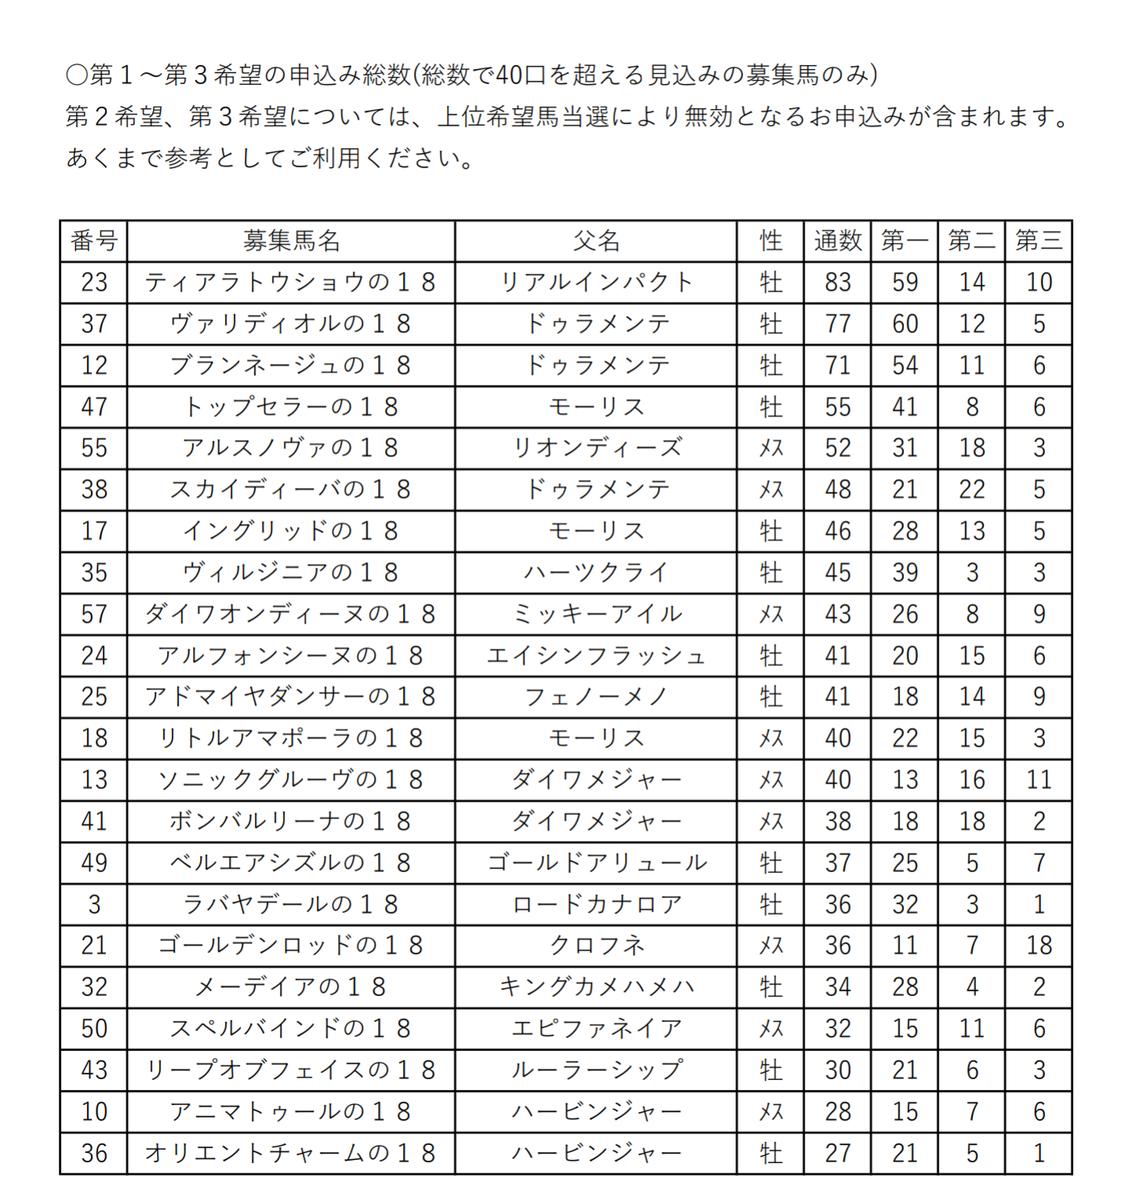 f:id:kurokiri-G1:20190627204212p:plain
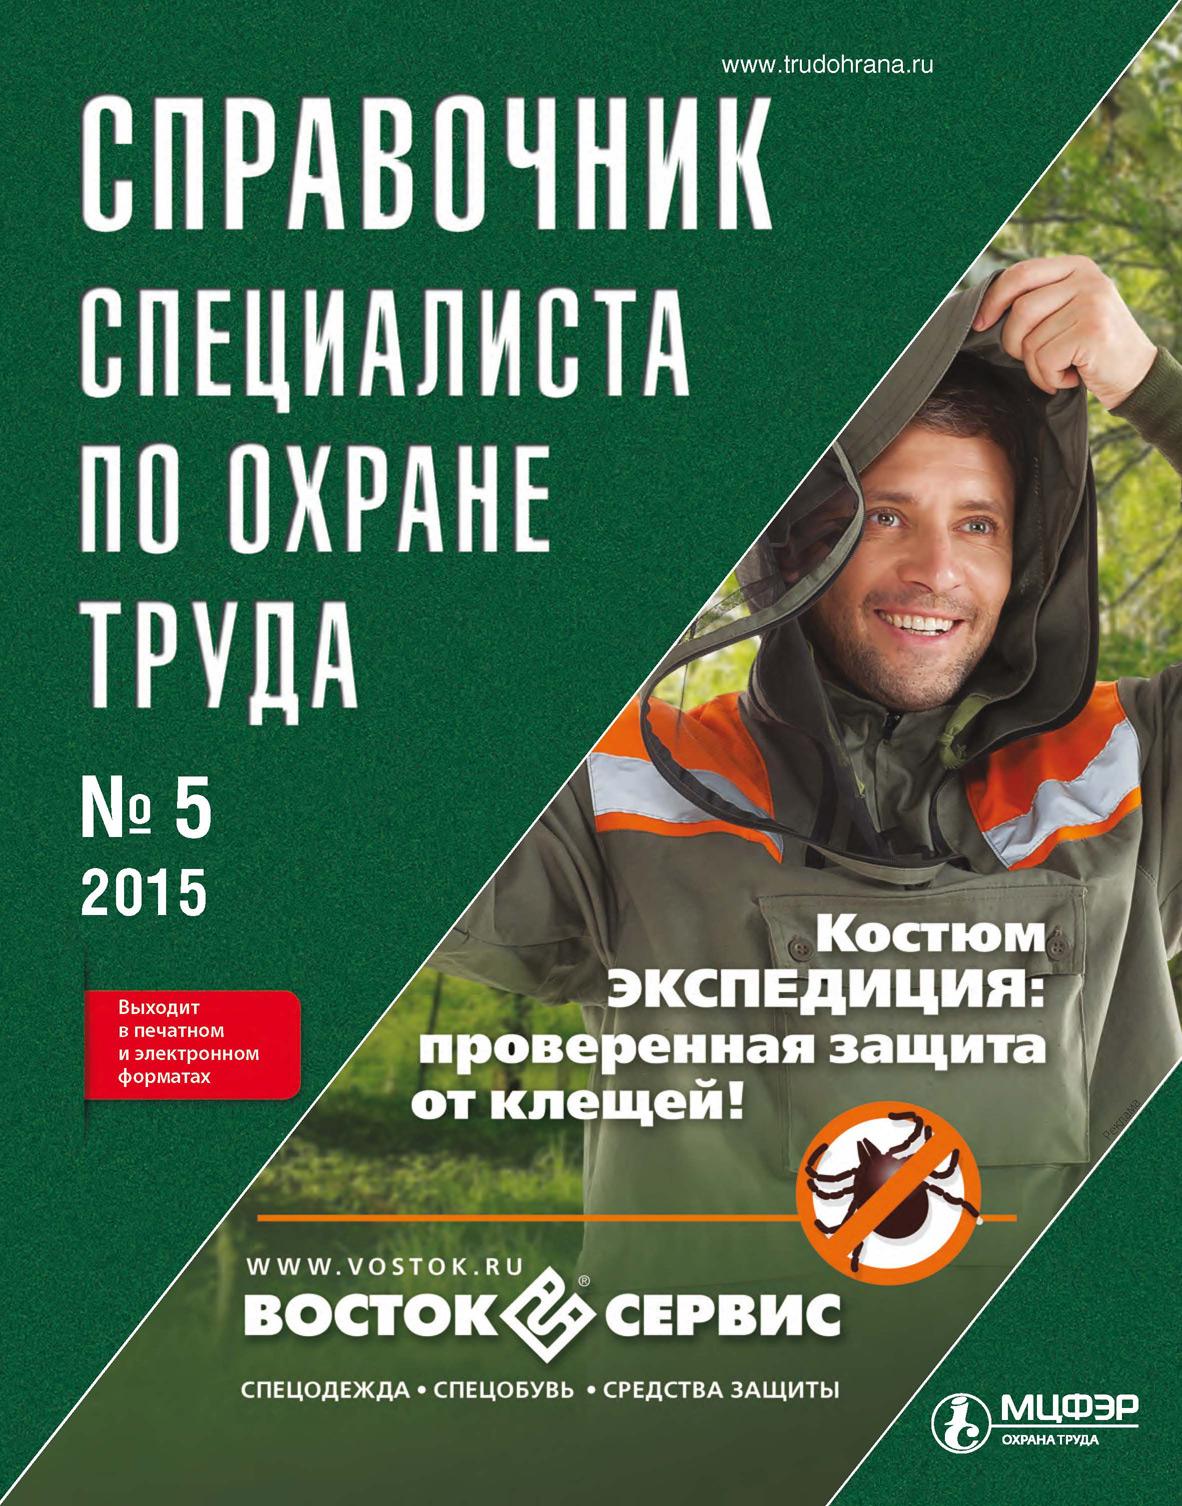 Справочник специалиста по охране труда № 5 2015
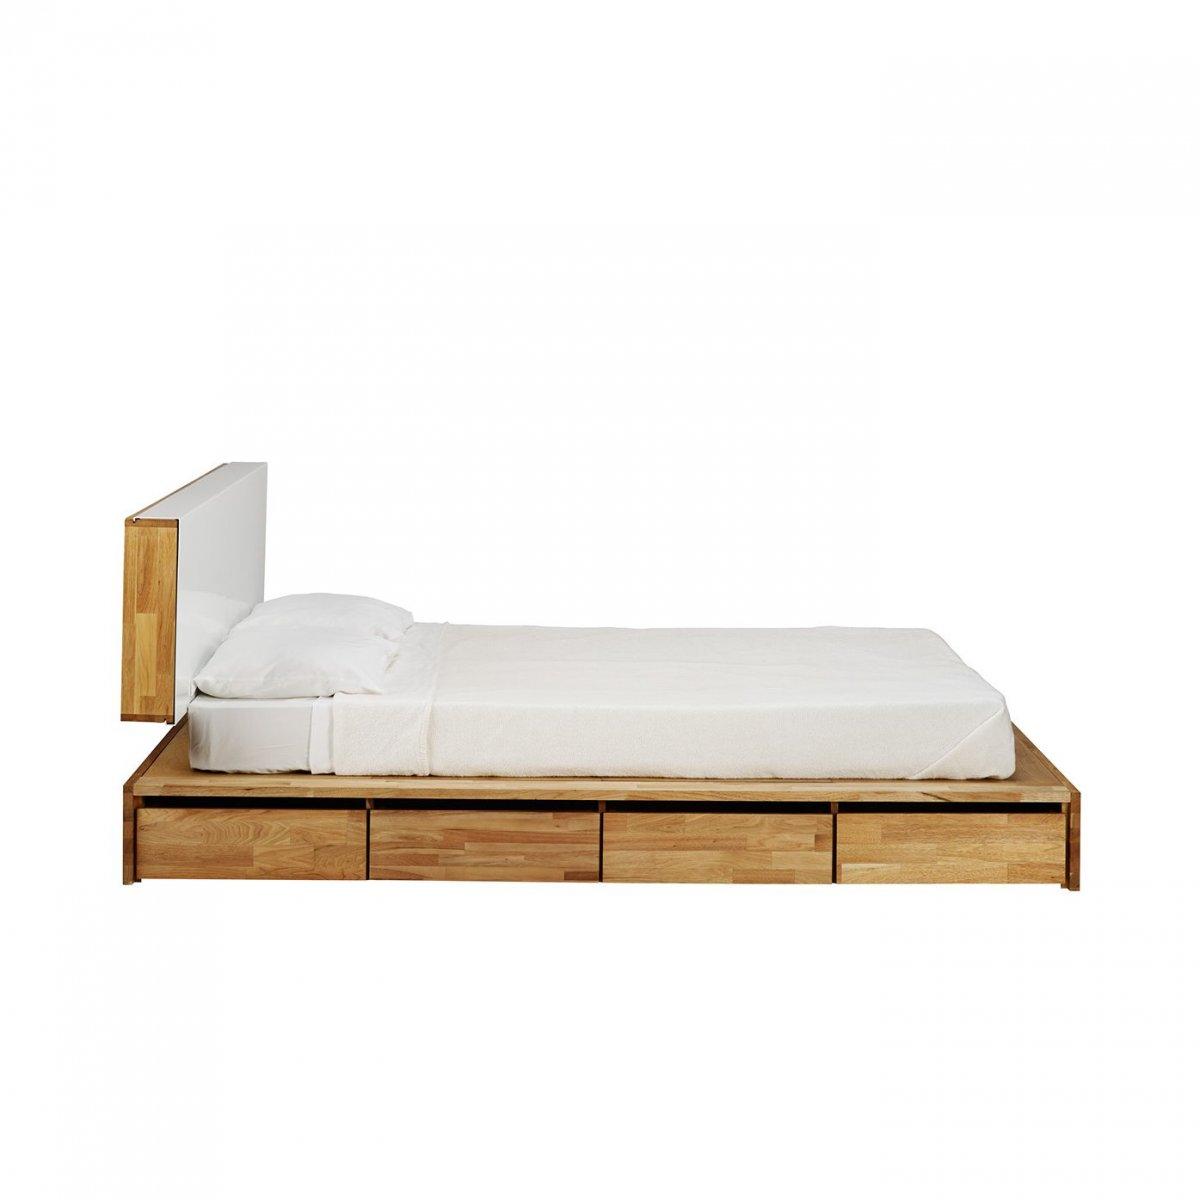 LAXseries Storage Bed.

◇ ◇ ◇

Work task
Print the lines from the line with "Справочник специалиста по" to the end of the data above. Include both ends, exclude the pictures, and add nothing else.

Response area
 Справочник специалиста по охране труда № 5 2015
 LAXseries Storage Bed.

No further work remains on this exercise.